Extracted material:
-- Opening Marker --
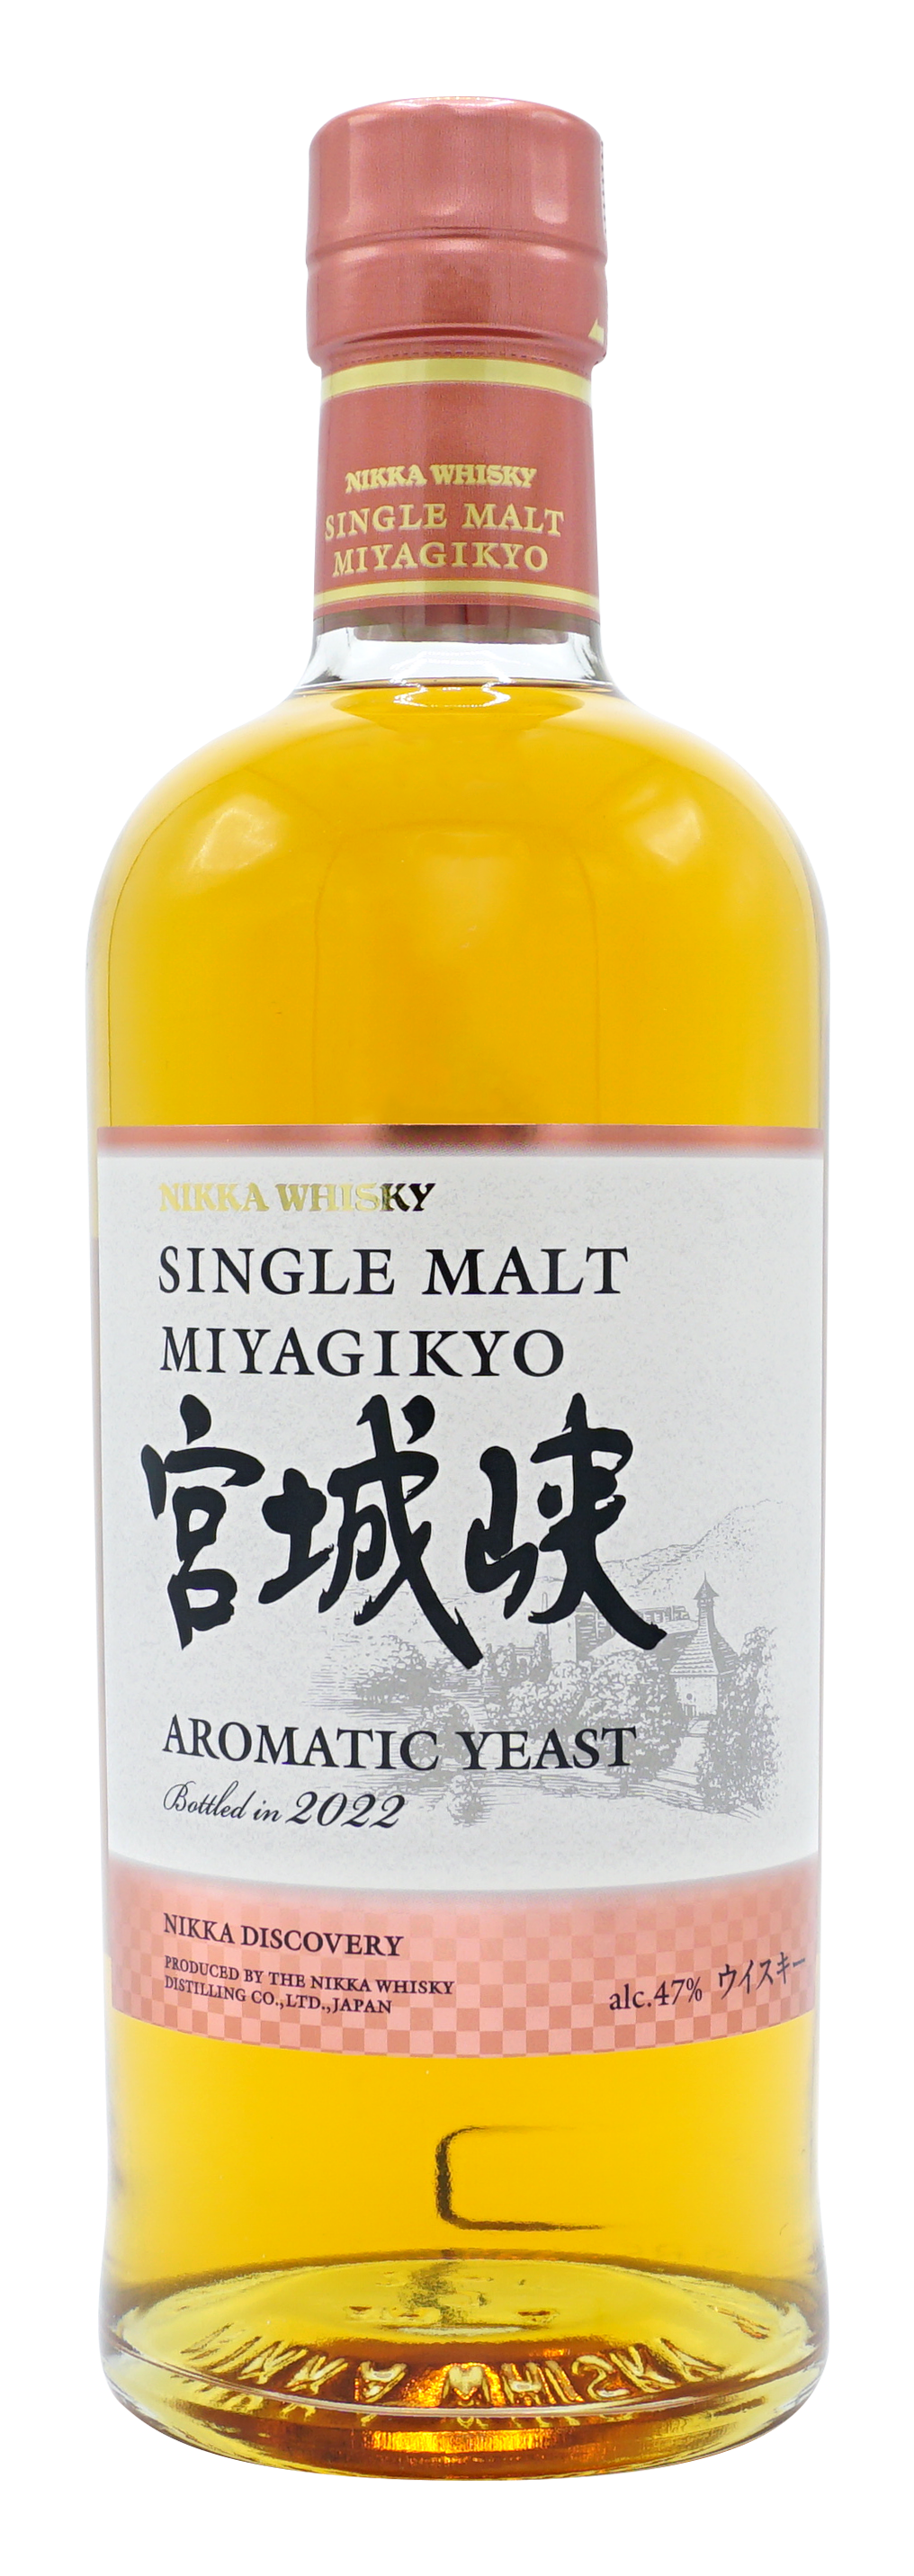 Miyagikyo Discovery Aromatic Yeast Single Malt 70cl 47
-- Closing Marker --
-- Opening Marker --
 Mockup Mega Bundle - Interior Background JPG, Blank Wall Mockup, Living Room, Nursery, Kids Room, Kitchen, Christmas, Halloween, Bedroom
-- Closing Marker --
-- Opening Marker --
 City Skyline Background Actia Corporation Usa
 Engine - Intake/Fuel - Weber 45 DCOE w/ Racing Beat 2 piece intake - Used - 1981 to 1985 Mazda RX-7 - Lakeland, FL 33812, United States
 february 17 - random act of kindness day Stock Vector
-- Closing Marker --
Problem requirements: When you have gone through the records above, say how many lines include the word "Background", and write nothing besides that number.

Solution to the problem: 2